The kitchen of the ranch house at Happy Horizons is covered in sweet potatoes, casserole dishes, and an alarming number of miniature marshmallows. Angel’s got two aprons on—one over her dress, one somehow tied around her hair like she’s staging a kitchen rebellion—and I’m standing at the counter, elbow-deep in a dish she insists is essential to a proper American Thanksgiving.

Lisette is underfoot again, giggling as she weaves between our legs like a mischievous kitten in footie pajamas. At one point, she parks herself in front of the oven and starts narrating the turkey’s journey with the seriousness of a newscaster. “The chicken is sleeping in the fire bed,” she declares, then crawls over to poke my shin. “You need a hat like Mama.” I glance at Angel, who shrugs before tying a tea towel on my head.

“Now fold the cranberries in,” she says, eyes sparkling as she dumps a bowl of ruby-red berries next to me.

I look down at the batter. “Fold? Like in origami?”

“No,” she says, fighting back a laugh. “You gently turn the mixture over the berries. Not stir. Fold.”

I frown. “Is folding salad an American thing? Because in France, we stir things. With confidence.”

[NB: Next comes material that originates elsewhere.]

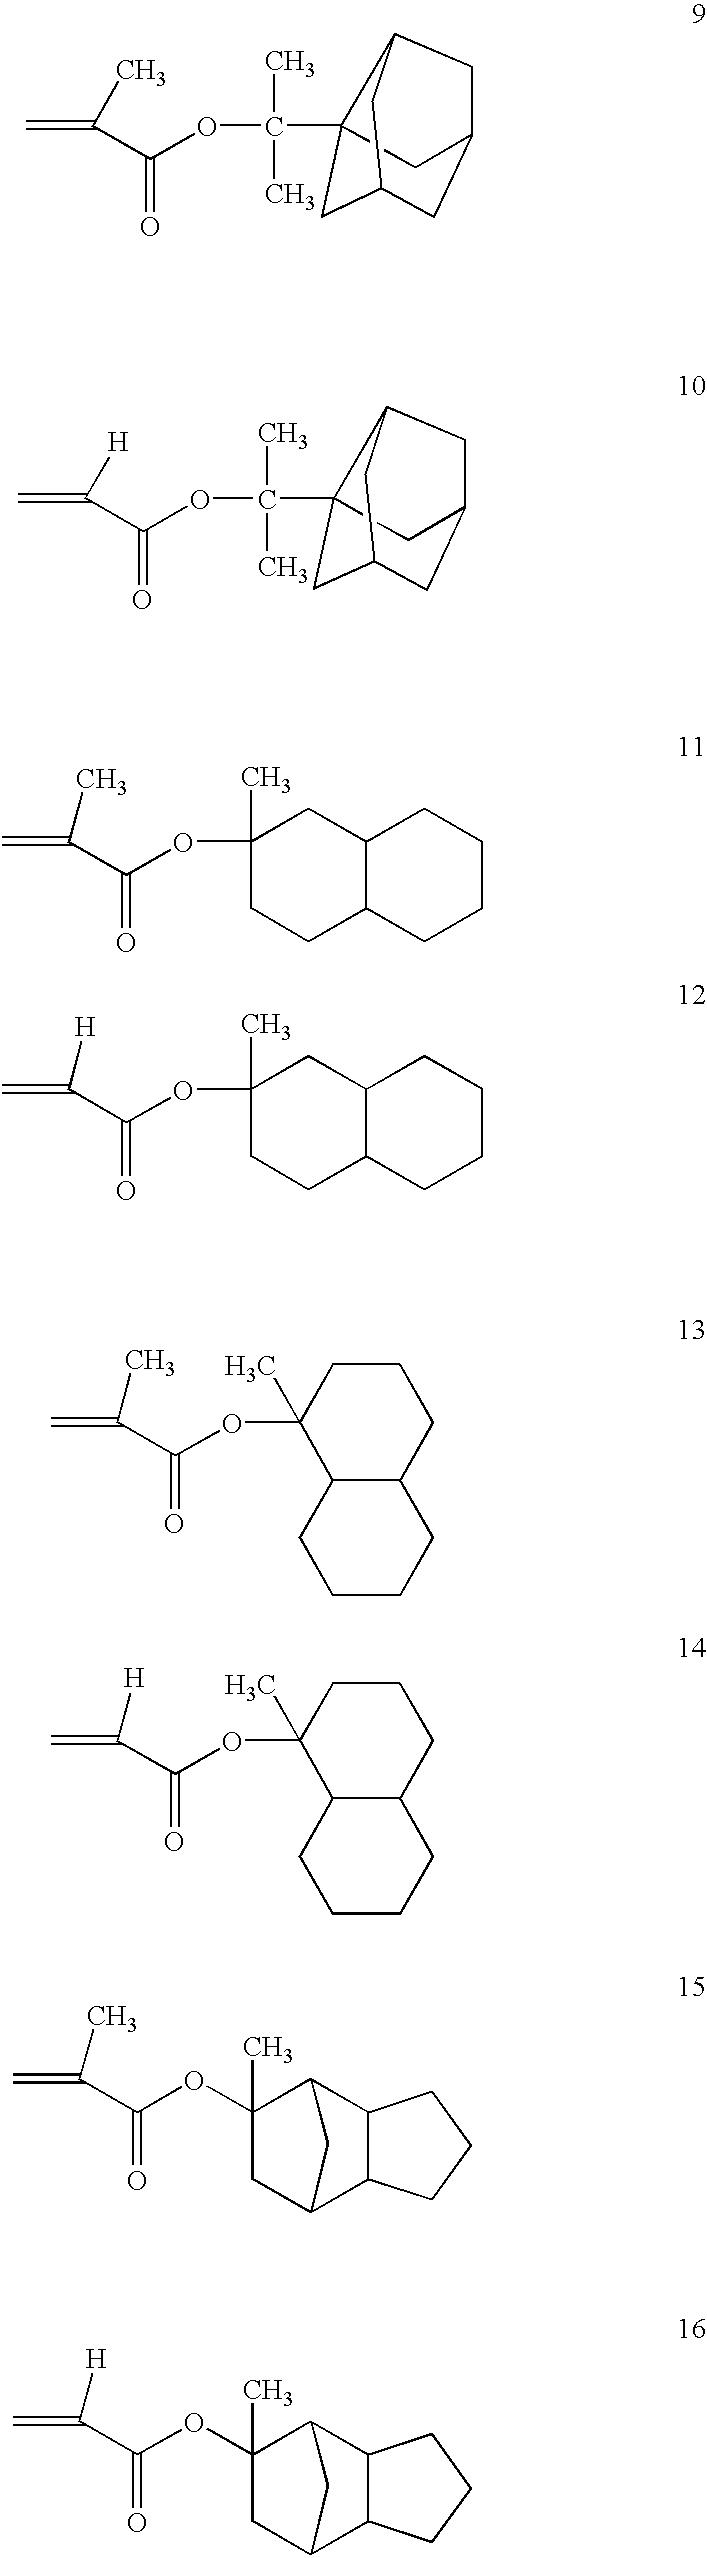 Figure US20030186161A1-20031002-C00048

Angel points a spatula at me. “You stir that, and I swear to the turkeys, our cranberry fluff salad will be going in the compost.”

I raise my hands in surrender, then attempt the most delicate folding motion imaginable. It’s less “gently combine” and more “awkward pancake flip,” but she lets me continue with a sigh. In the background, Andy yells from the dining room about a missing gravy boat, and Scotty shouts back, “Check with Edgar!” which I sincerely hope is a joke.

The last I heard, Lisette was explaining how unicorns gave birth to turkeys. But that was five suspiciously quiet minutes ago.

“Hang on,” Angel stops. “Why is it so quiet?”